SAC: Soft Actor-Critic

Maximum Entropy Reinforcement Learning for Continuous Control
Maximum Entropy Off-Policy Continuous Control Haarnoja 2018

1 — Why Stochastic? Why Entropy?

Most RL algorithms aim to learn a single best action for each state — a deterministic policy. But deterministic policies have fundamental weaknesses:

Problems with Deterministic Policies

Brittle exploration: A deterministic policy explores only via added noise (e.g., Gaussian perturbation in DDPG/TD3). This noise is task-agnostic and doesn't adapt — it doesn't know where to explore more or less.

Mode collapse: When multiple action sequences lead to equally good outcomes, a deterministic policy collapses to one arbitrary mode. If that mode becomes suboptimal due to environment changes, recovery is difficult.

Fragility: Small perturbations in the environment (friction changes, sensor noise) can disproportionately affect a policy that commits to one exact action per state.

SAC's solution is elegant: instead of finding the single best action, learn a distribution over good actions. The policy should be as random as possible while still achieving high reward. This idea comes from the maximum entropy framework.

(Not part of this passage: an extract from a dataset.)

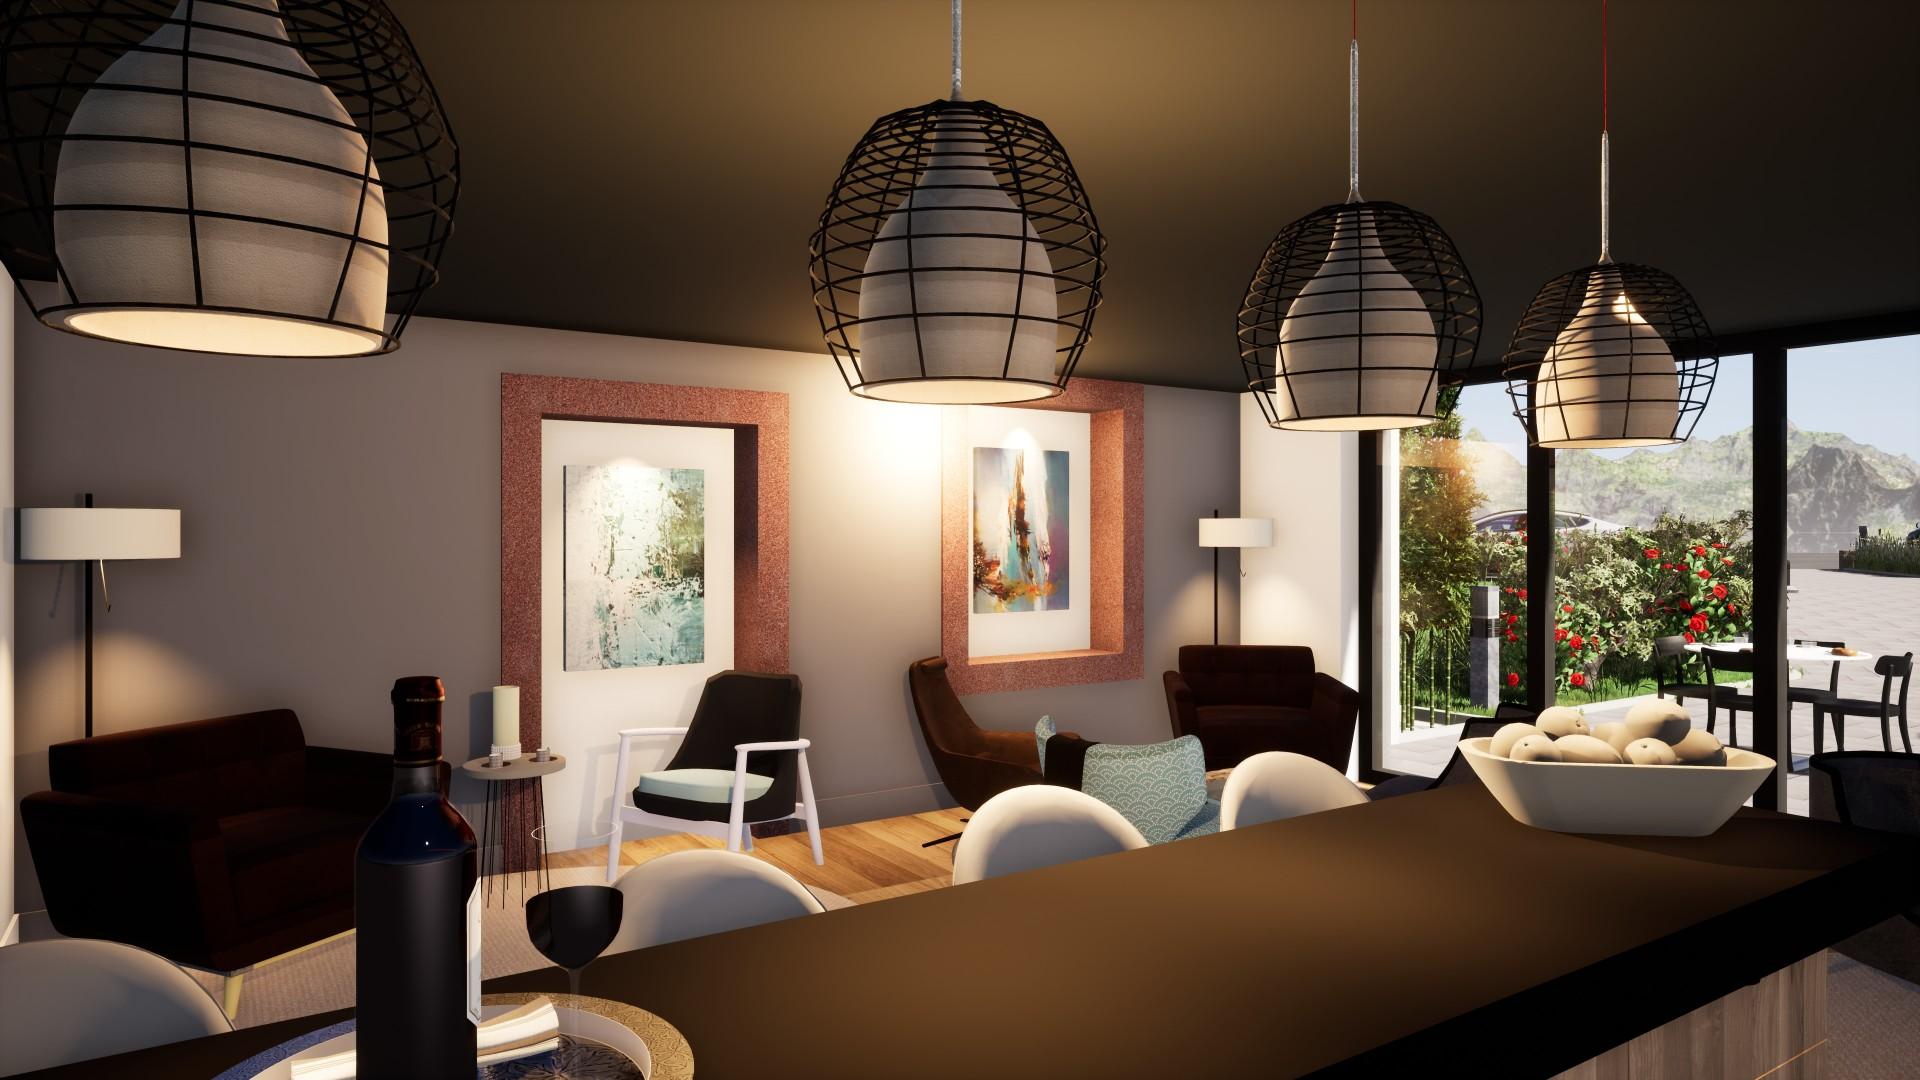 Programme immobilier Alsace

Standard RL vs Maximum Entropy RL STANDARD RL J(π) = Σ E[r(s, a)] Maximize reward only Single action per state Fragile, poor exploration MAXIMUM ENTROPY RL (SAC) J(π) = Σ E[r(s,a) + αH(π)] Maximize reward AND entropy Distribution over good actions Robust, explores automatically
Maximum entropy principle: Among all policies that achieve a given expected reward, prefer the one with maximum entropy (maximum randomness). Entropy H(π) = −E[log π(a|s)] measures how spread out the action distribution is. High entropy = exploring many actions; low entropy = committing to few. SAC balances reward and entropy automatically.

2 — The Maximum Entropy Framework

SAC optimizes a modified RL objective that includes an entropy bonus at every timestep:

Soft RL Objective

α controls entropy weight

J(π) = Σt E[ r(st, at) + α H(π(·|st)) ]

= Σt E[ r(st, at) − α log π(at|st) ]

The temperature parameter α > 0 controls the tradeoff: large α prioritizes entropy (exploration), small α prioritizes reward (exploitation). When α → 0, SAC reduces to a standard RL algorithm.

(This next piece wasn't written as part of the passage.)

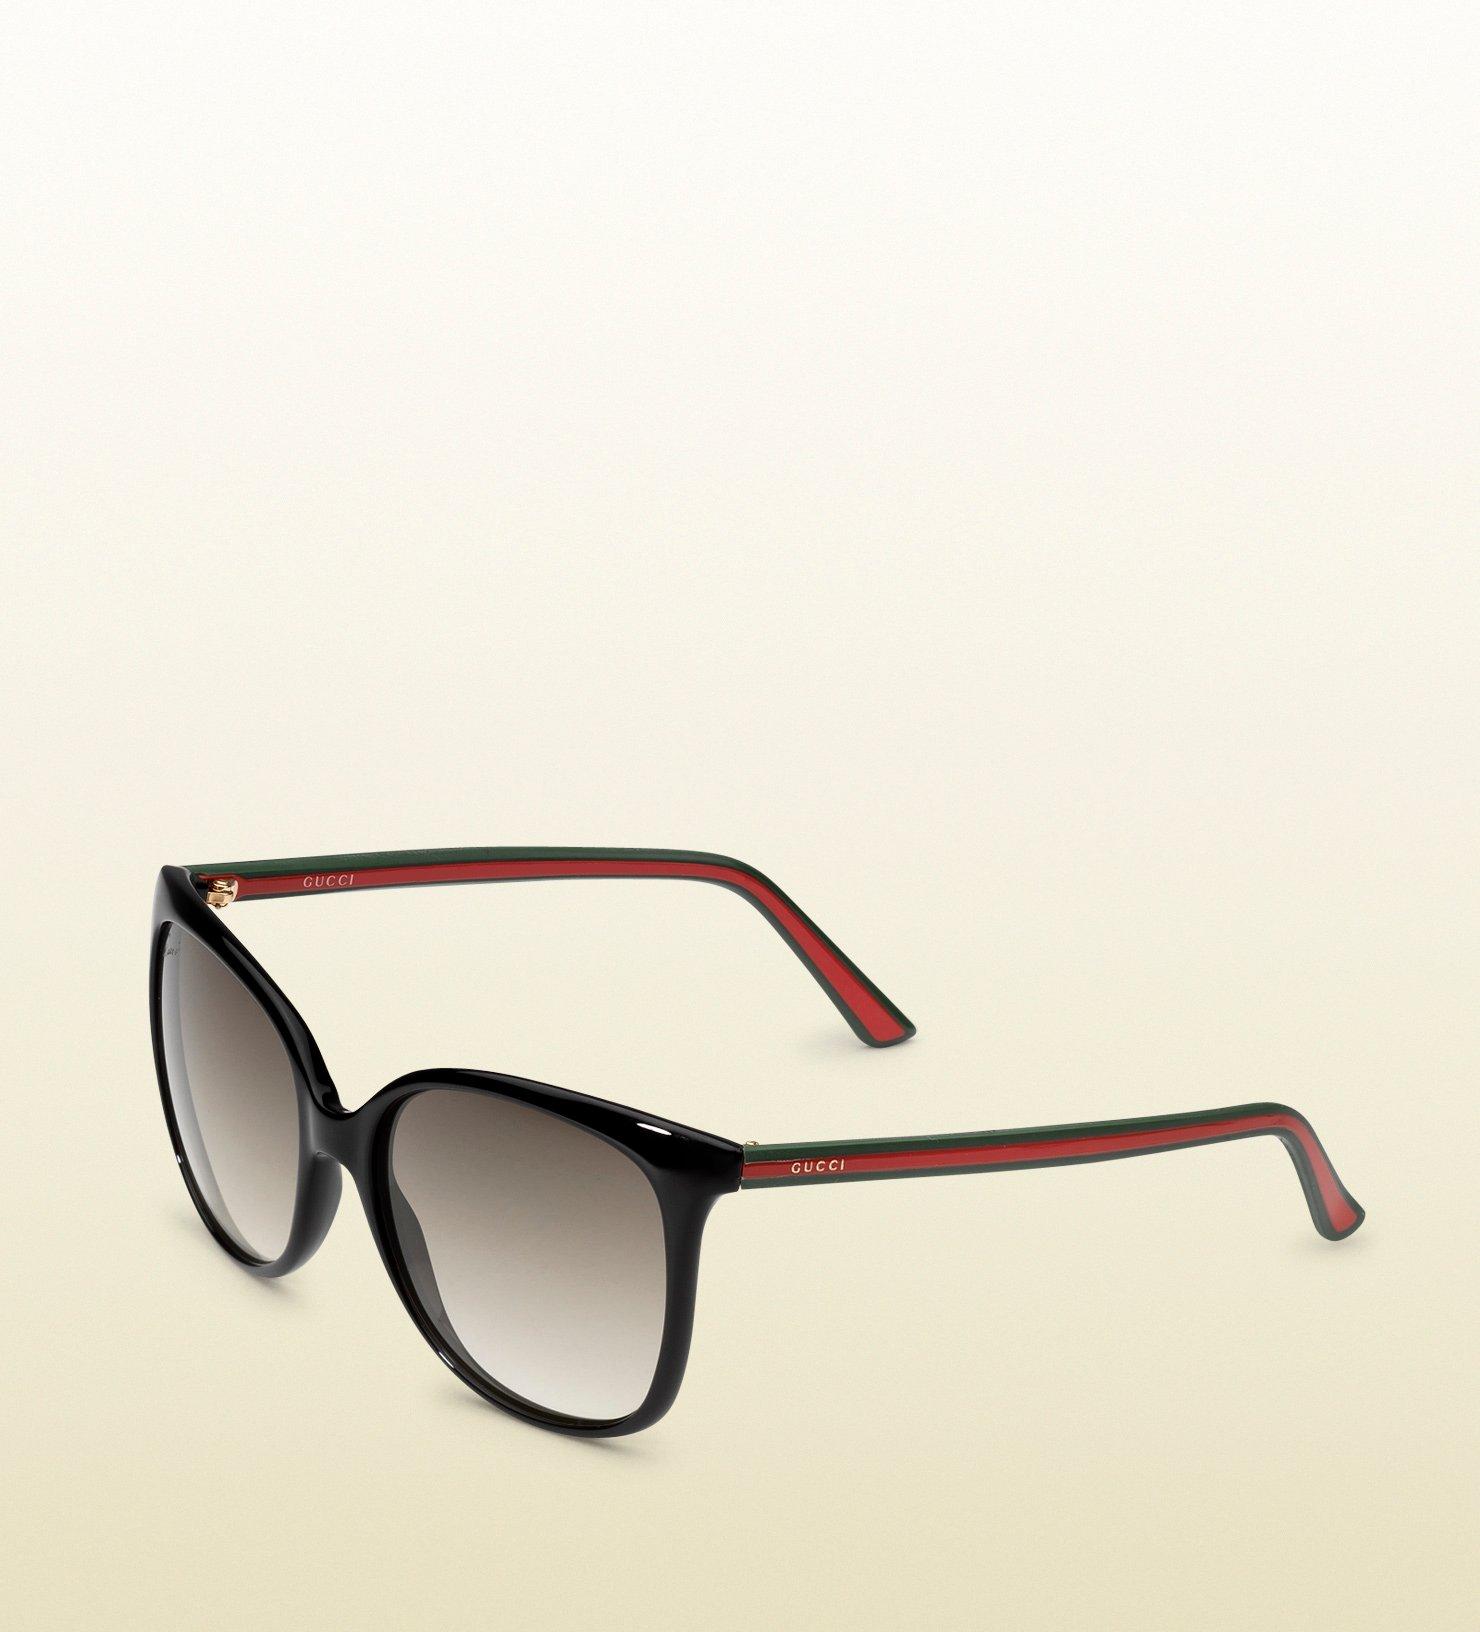 58ee403e69a Lyst - Gucci Rubber Effect Web Sunglasses in Black for Men

This modified objective gives rise to soft versions of standard RL quantities:

Soft Value Functions

Soft Q-function: Qsoft(s, a) = r(s,a) + γ E[Qsoft(s', a') − α log π(a'|s')]

The soft Q-value includes future entropy bonuses — an action is "valuable" if it leads to states where the agent can both get high reward and maintain randomness.

Soft V-function: Vsoft(s) = Ea~π[Qsoft(s,a) − α log π(a|s)]

Note: SAC v2 (2019) eliminates the explicit V-function network and computes it implicitly. This simplification reduces the number of networks from 6 to 5.

Entropy benefits in practice: (1) Exploration: the entropy term drives the policy to try different actions, discovering potentially better strategies. (2) Multi-modality: if two equally good paths exist, SAC's policy can represent both. (3) Robustness: a stochastic policy is more resilient to perturbations. (4) Pre-training transfer: high-entropy policies preserve optionality, making fine-tuning to new tasks easier.

3 — Architecture Overview

SAC Architecture (v2, 2019) State s Stochastic Actor πθ μ(s), logσ(s) → Gaussian a = tanh(μ + σ ⊙ ε), ε~N(0,1) Critic Q1(s, a) Critic Q2(s, a) a ~ π(·|s) α (temperature) auto-tuned scales entropy TARGET NETWORKS (τ = 0.005) Target Q'1, Q'2 No target actor needed!

SAC v2 uses 5 networks: a stochastic actor, two critics, and two target critics. Notably, there is no target actor — the current actor is used to sample next-state actions for target computation. This works because SAC's stochastic policy produces diverse actions naturally (no need for target policy smoothing like TD3).

SAC vs TD3 networks: TD3 has 6 networks (actor + 2 critics + 3 targets). SAC has 5 (actor + 2 critics + 2 target critics). SAC drops the target actor because its stochastic policy already provides the smoothing that TD3 achieves through explicit target noise.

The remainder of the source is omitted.